My concern with the EU's proposed carbon tax is that it is less about environmental protection and more about maintaining its dominance in all fields at the expense of the Global South and the majority of humanity.

Poorer countries could lose out as the EU's measures, sold under the banner of environmentalism, could punish the neediest. Action on environmental protection is welcomed. However, for a number of reasons, the developed world has a greater responsibility to shoulder the environmental burden.

Firstly, the developed world heeded little attention to the environment when they developed. As such, they paid no pollution penalty for their development. Notably, in 1978, according to multiple data sources, including BP's Statistical Review of World Energy, China's carbon emissions stood at only 1.46 billion tons, while the EU and the U.S.'s were 4.57 and 4.88, respectively. The developed world emitted a mountain of carbon gas into the biosphere well before the Global South began their development.

Secondly, the developed West polluted because they primarily made products consumed by themselves. This contrasts to the developing world, which pollutes on behalf of making products that are used not just for themselves but for the developed world too.

Indeed, look at the typical Chinese citizen, and one will see that with their public transportation, their vociferous recycling habits, and their relatively modest consumption, they pollute far less than a citizen of either the EU or the United States.

Furthermore, as is obvious to anyone that has lived in China over the past five years, China cannot be said to be a slouch when it comes to environmental protection. This is quite spectacular considering the precedent that only when developed countries do start to take environmental concerns seriously.

Emissions rise from the Thyssenkrupp AG steel plant in Duisburg, Germany, October 20, 2020. /Getty

Emissions rise from the Thyssenkrupp AG steel plant in Duisburg, Germany, October 20, 2020. /Getty

The usual contradiction has been that under capitalist development, environmental protection decreases capital accumulation. When environmental legislation does come in neo-liberal open borders, and the Global South desperate for foreign capital, has allowed for polluting industries to be shipped abroad. Consequently, the cycle of profit accumulation for the few and pollution for the poor can continue.

This un-virtuous cycle is indeed what led to the large-scale de-industrialization of Europe and the U.S. as business flooded into China and other East Asian states. Of course, despite this de-industrialization, the poignant question is why does the EU and especially the U.S. still contribute so much to global carbon emissions?

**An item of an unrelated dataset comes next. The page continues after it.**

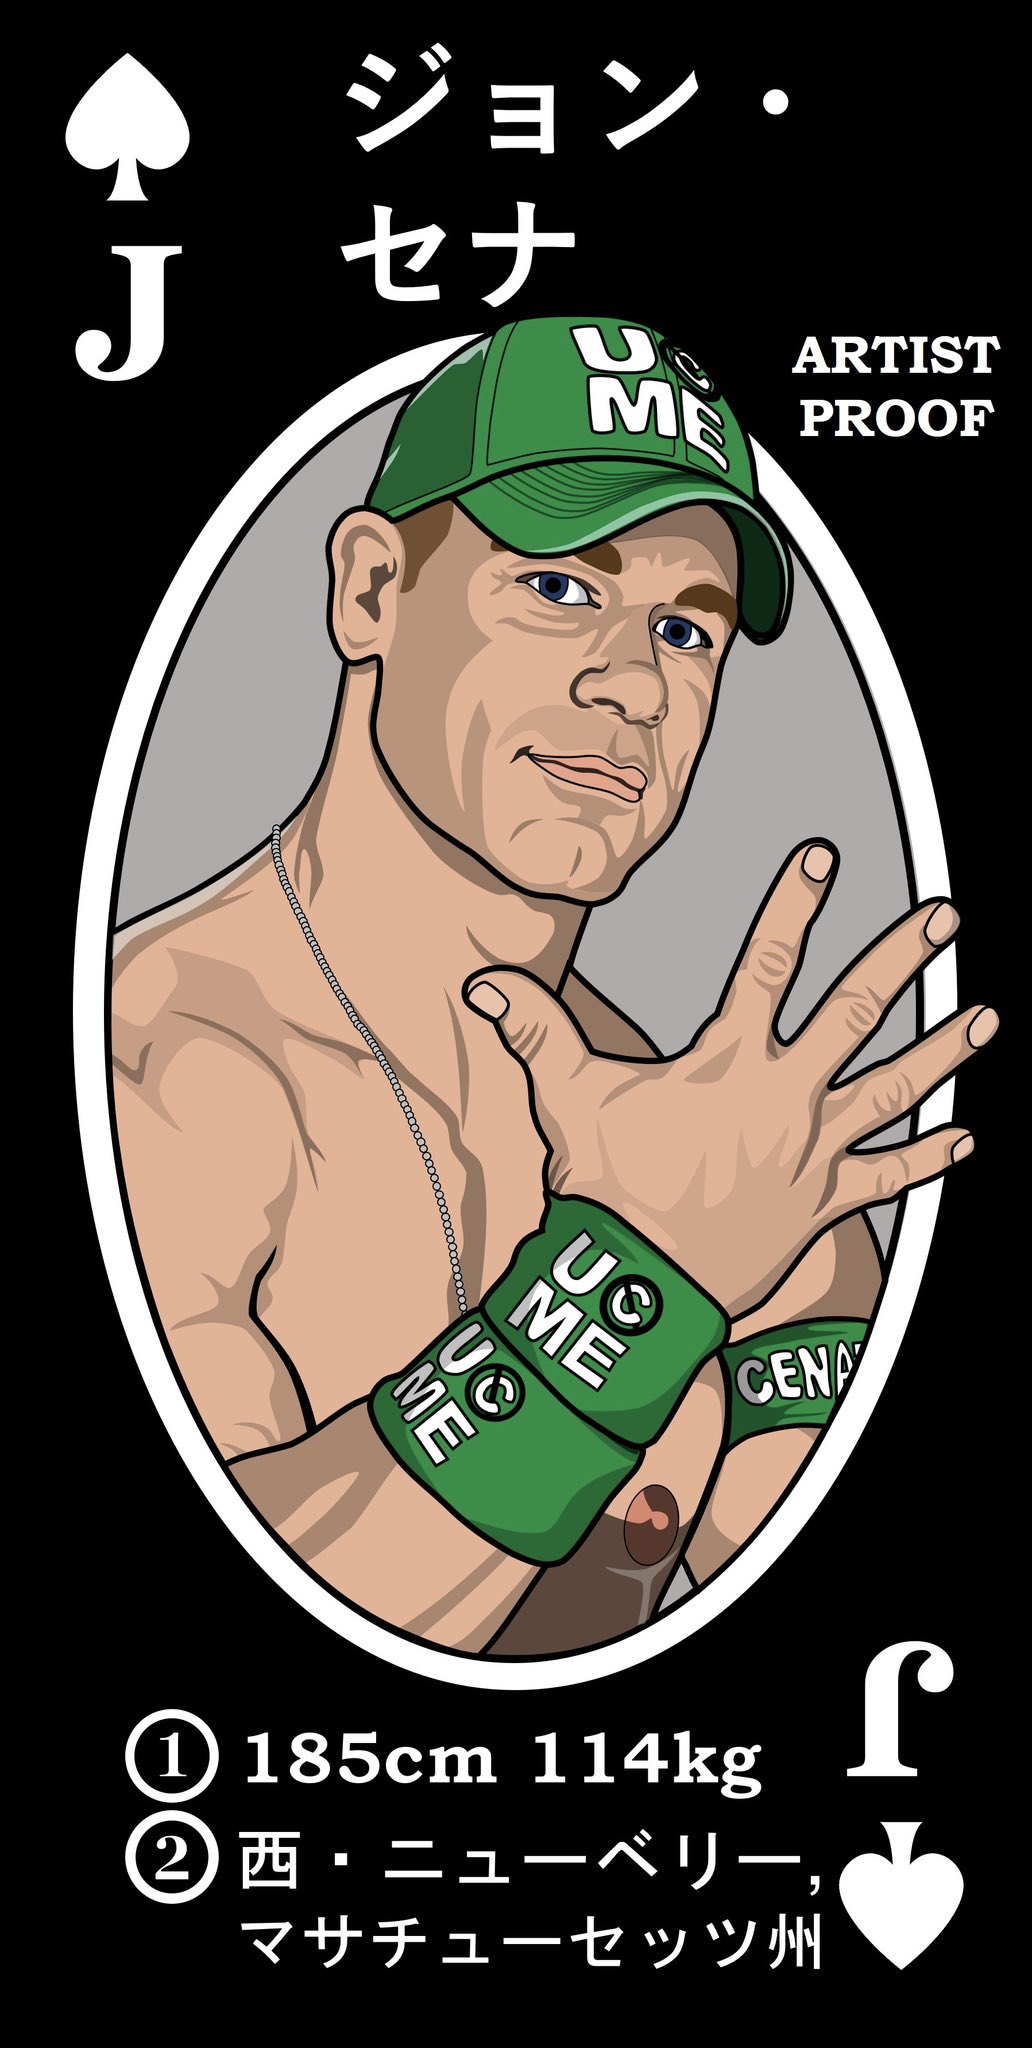 Happy 46th birthday to John Cena! 

Never before released Variant.

Come what may, China has taken environmental responsibility to new heights in the Global South. At the meeting, President Xi Jinping declared once again that China will strive to peak carbon emissions by 2030 and achieve carbon neutrality by 2060. In addition, China has accepted the Kigali Amendment to the Montreal Protocol which will strengthen the control of non-carbon dioxide greenhouse gasses.

Along with these lines, there can be no doubting China's determination to build a green future for itself and the rest of the world. As part of Chinese people's centrist development protecting the environment is the fundamental basis of development itself and it must be a worldwide effort.

This long-term outlook on development is codified into the Xi Jinping Thought of Ecological Civilization where China's rejuvenation is linked to fresh air, greening the environment, recycling, and the sensible use of nature's resources.

This dream of overcoming the contradiction of development without destroying the environment is not just a dream for China but logically a dream for the whole of humanity too.